• _Exercise instructions_
All lines below between the line with "Yoshinoya Fast Food" and the line with "Anfora terracotta presepe 2,5x2 cm 4", including both, must be copied exactly, and the pictures must be omitted.

Extracted entries section start

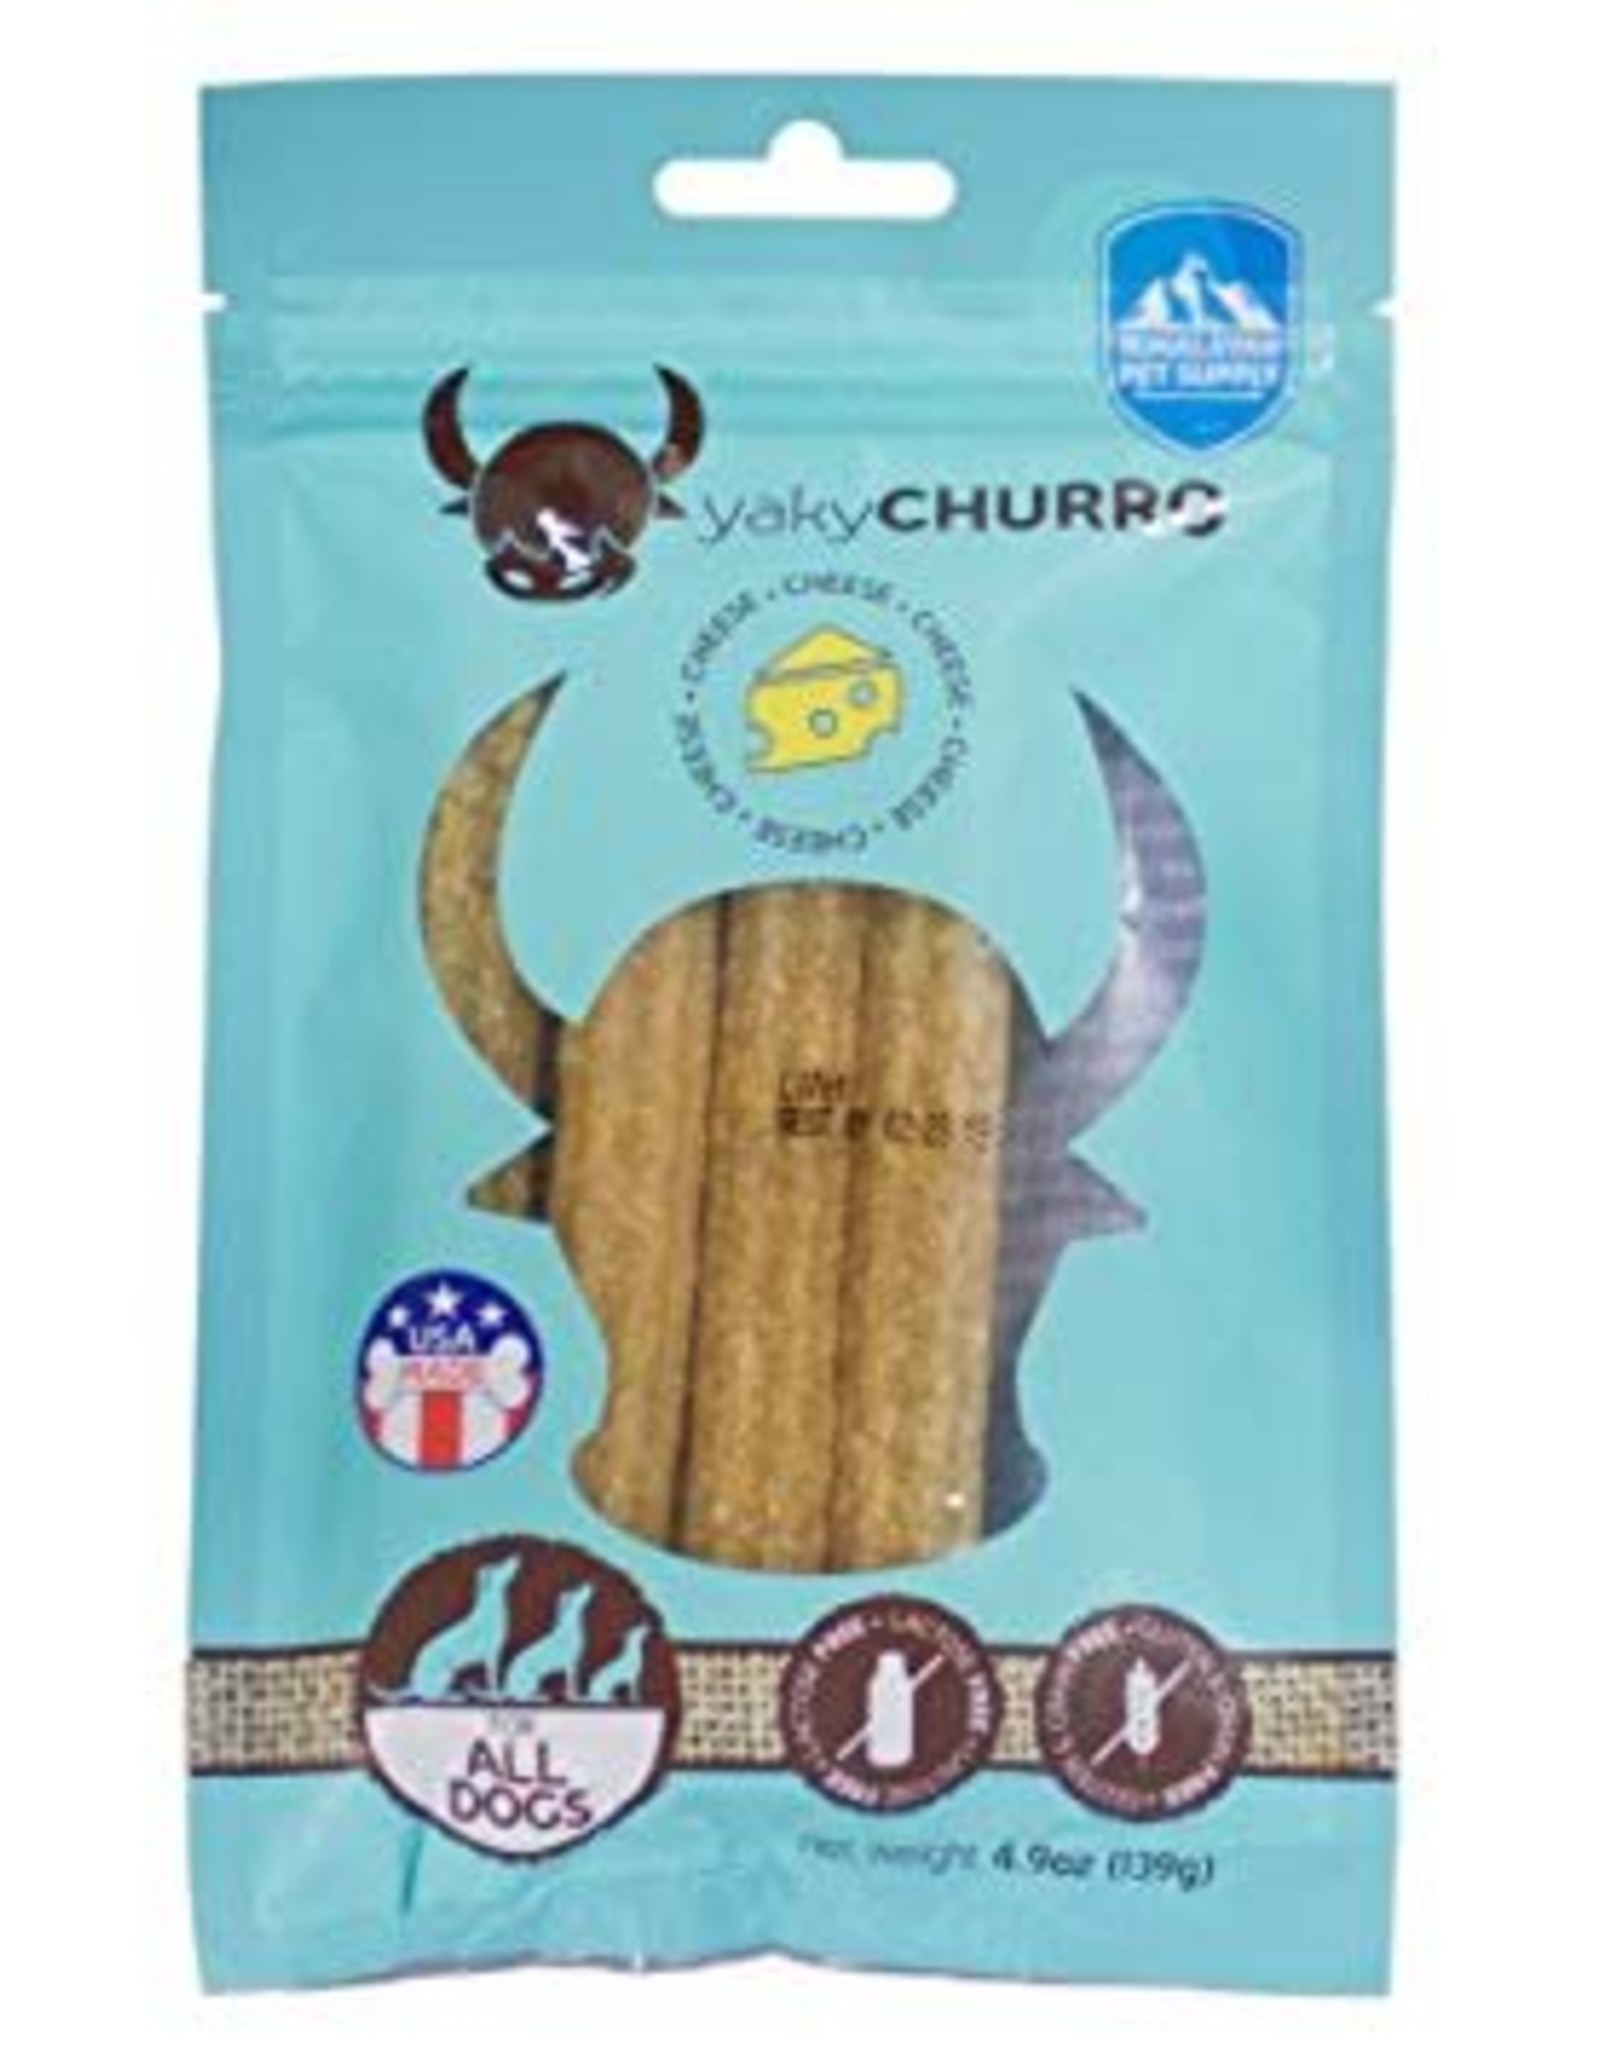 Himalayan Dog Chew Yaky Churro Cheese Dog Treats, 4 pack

Extracted entries section end
Extracted entries section start

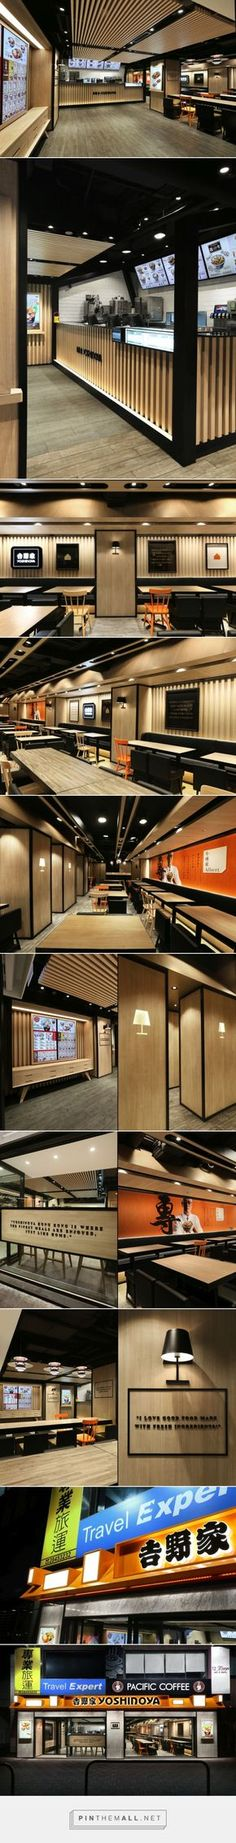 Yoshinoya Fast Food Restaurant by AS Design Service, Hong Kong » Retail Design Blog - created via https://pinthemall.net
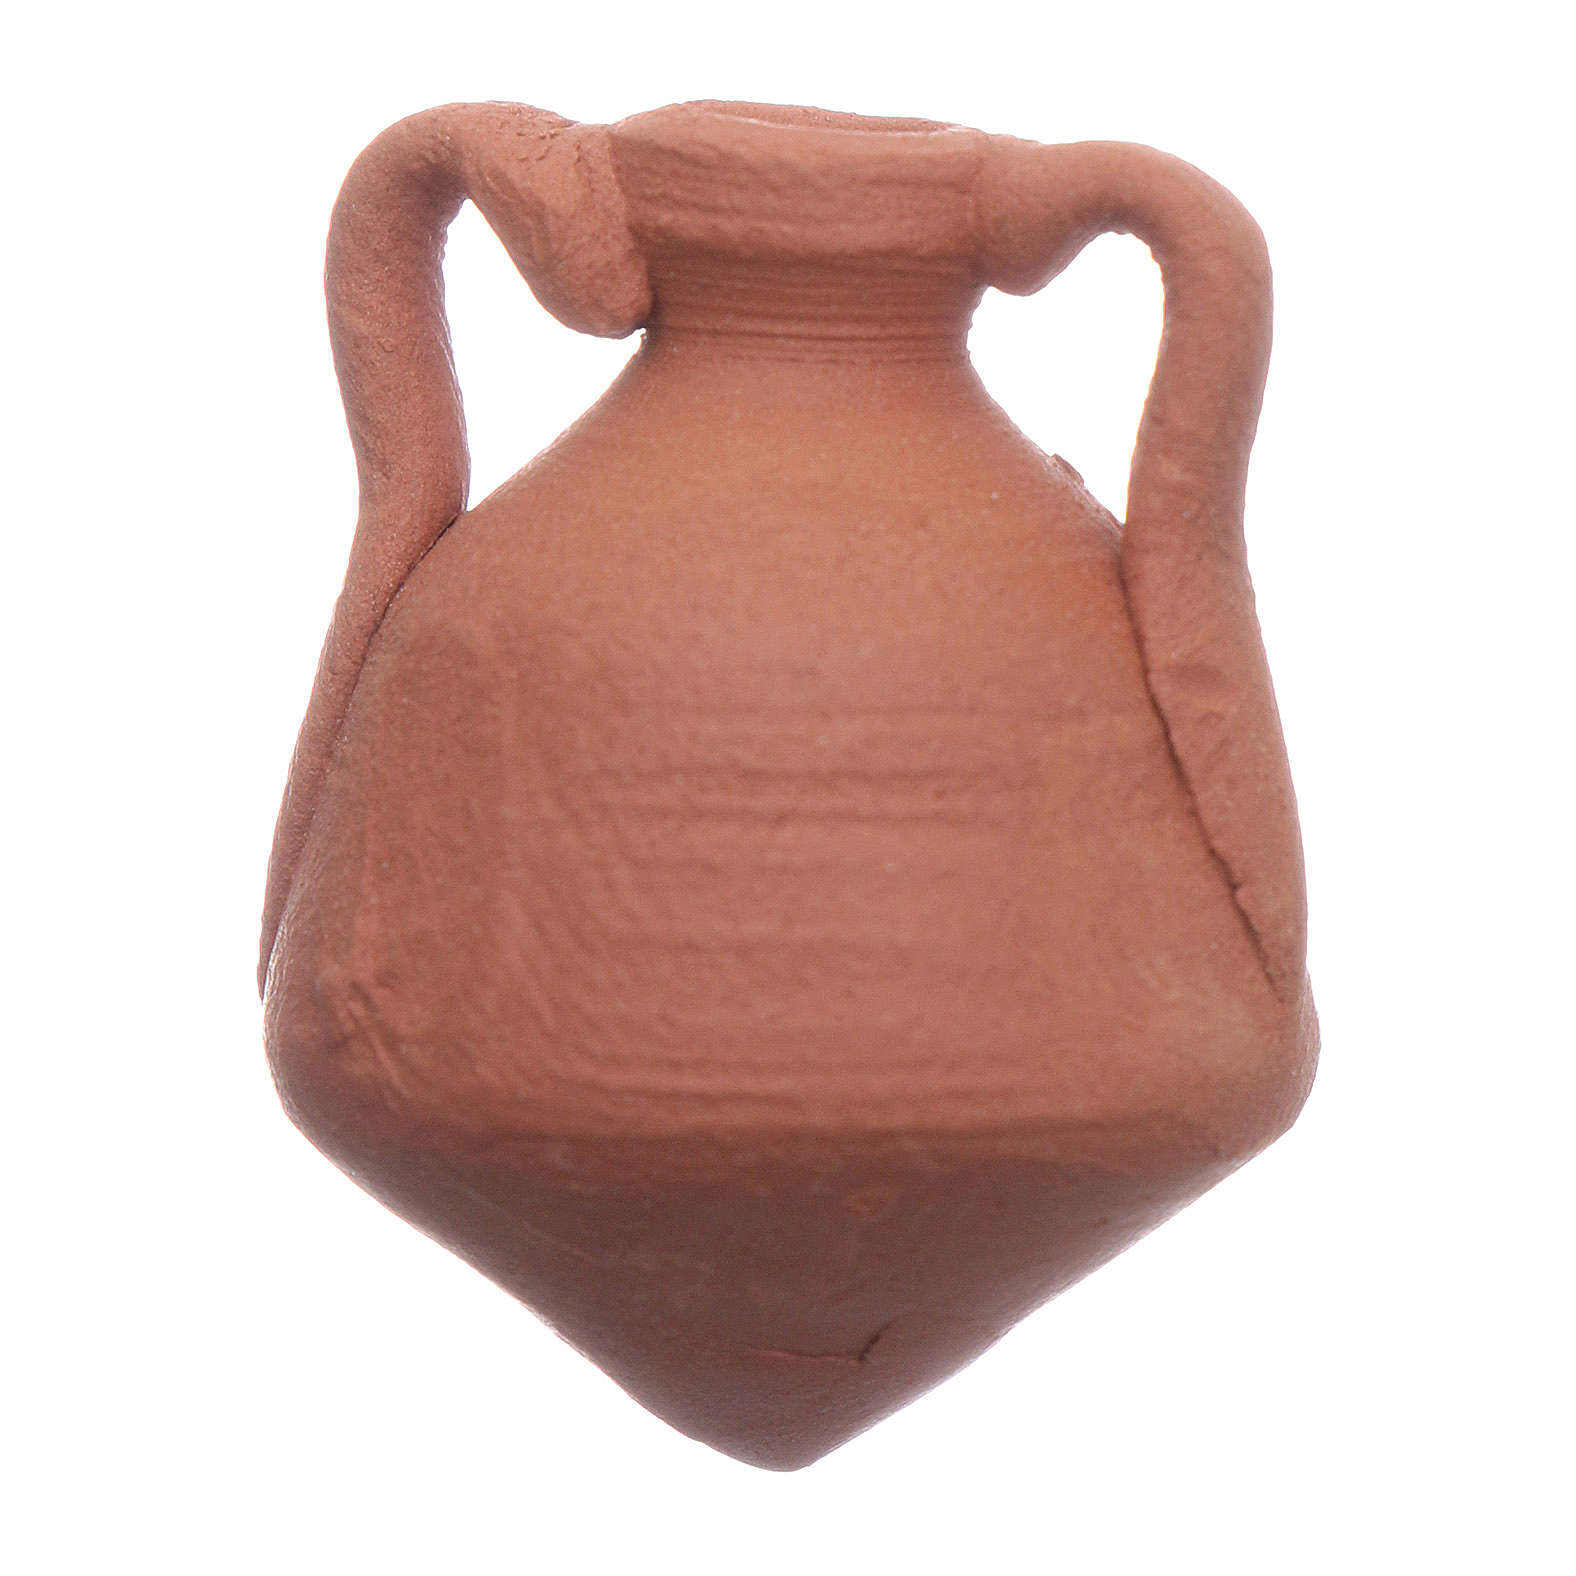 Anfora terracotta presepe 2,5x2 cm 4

Extracted entries section end

• _Solution to the problem_
 Yoshinoya Fast Food Restaurant by AS Design Service, Hong Kong » Retail Design Blog - created via https://pinthemall.net
 Anfora terracotta presepe 2,5x2 cm 4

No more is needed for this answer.